--- Task requirements ---
Taking the line with "Selkirk College Awards" as the first and the line with "New England Patriots" as the last, set down the lines below exactly, pictures excluded.

--- Material supplied ---
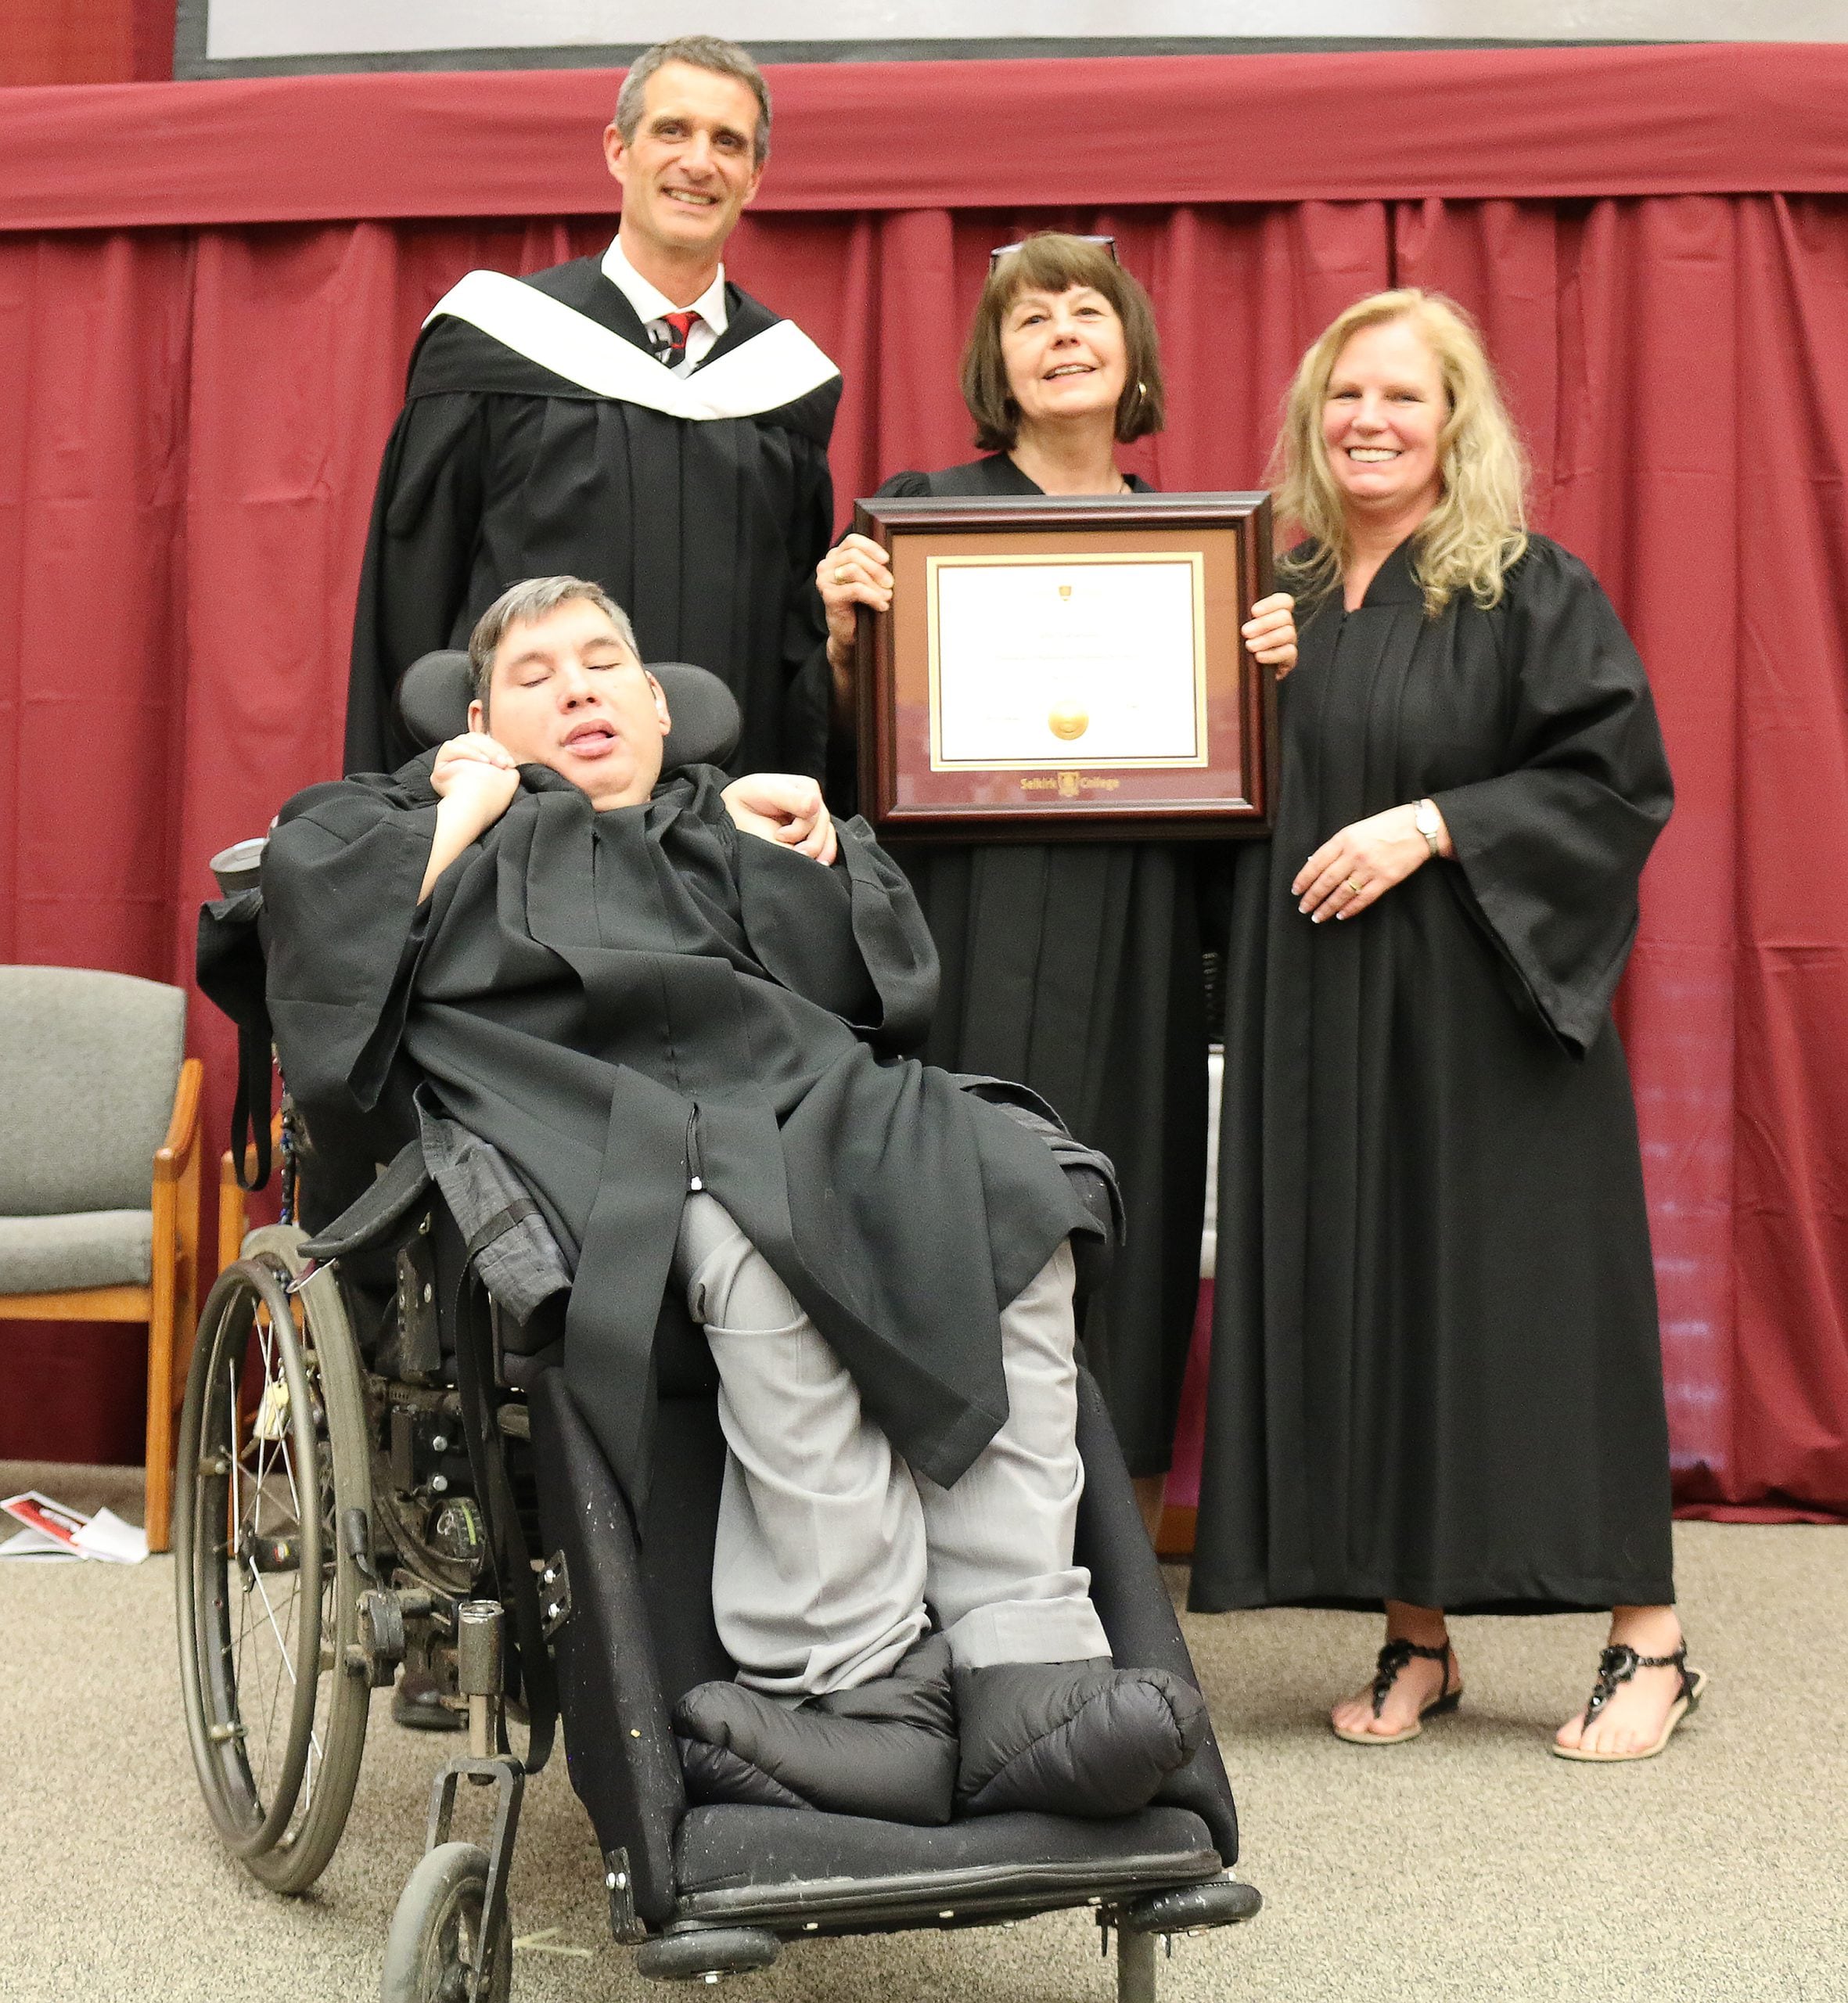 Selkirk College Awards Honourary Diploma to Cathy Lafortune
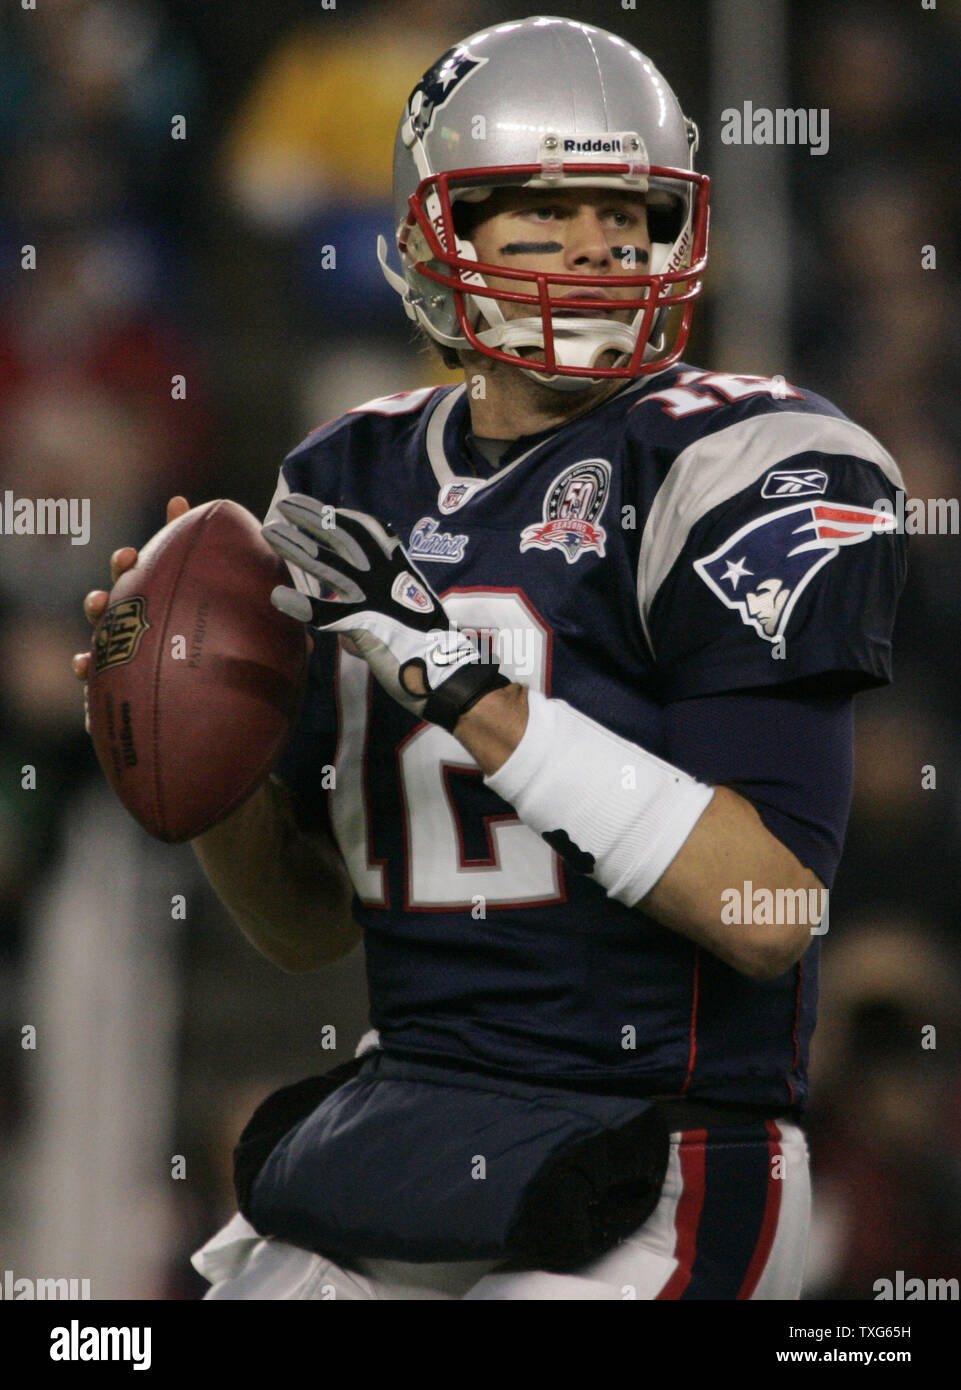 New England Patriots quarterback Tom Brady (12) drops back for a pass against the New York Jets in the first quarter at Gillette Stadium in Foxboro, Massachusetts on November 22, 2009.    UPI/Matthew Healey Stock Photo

...

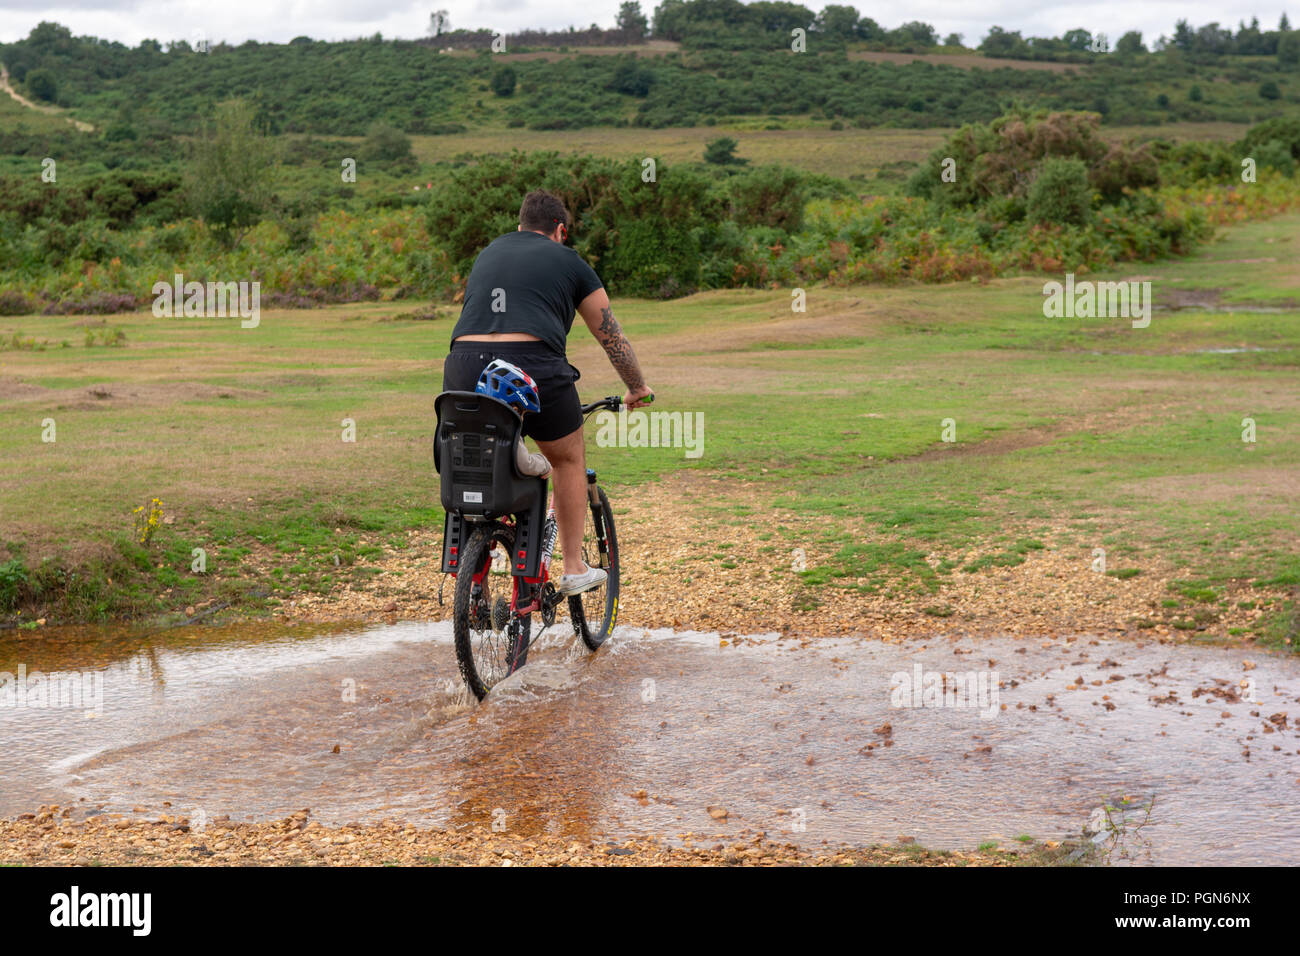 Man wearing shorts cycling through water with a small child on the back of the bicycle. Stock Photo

---

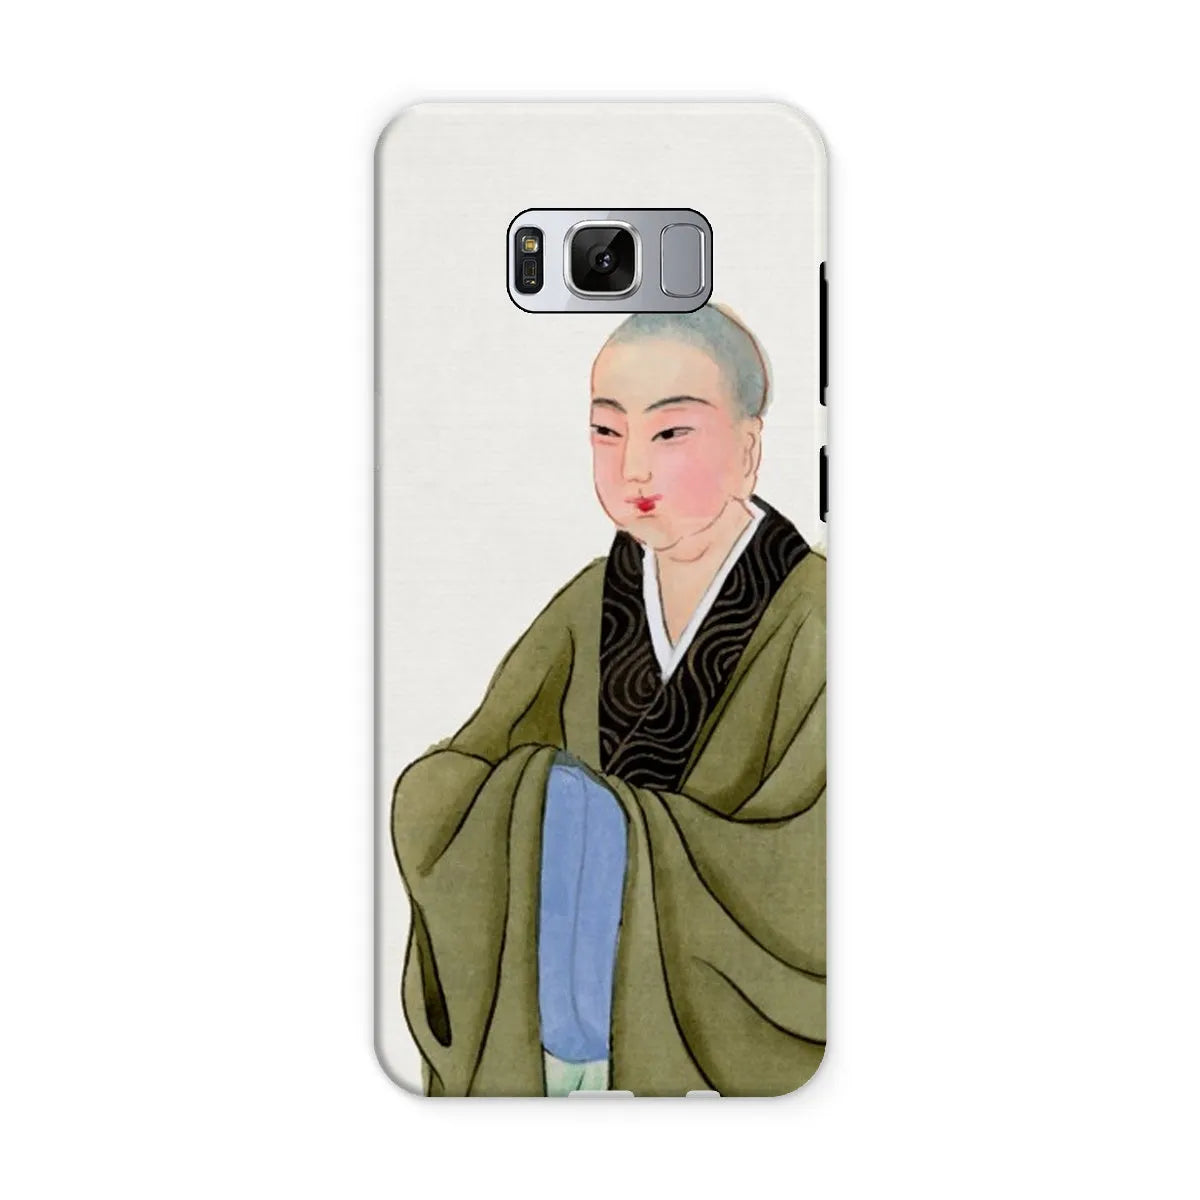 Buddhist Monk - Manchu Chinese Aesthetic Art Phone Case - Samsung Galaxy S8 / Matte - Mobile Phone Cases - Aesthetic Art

--- Response to the exercise ---
 Selkirk College Awards Honourary Diploma to Cathy Lafortune
 New England Patriots quarterback Tom Brady (12) drops back for a pass against the New York Jets in the first quarter at Gillette Stadium in Foxboro, Massachusetts on November 22, 2009.    UPI/Matthew Healey Stock Photo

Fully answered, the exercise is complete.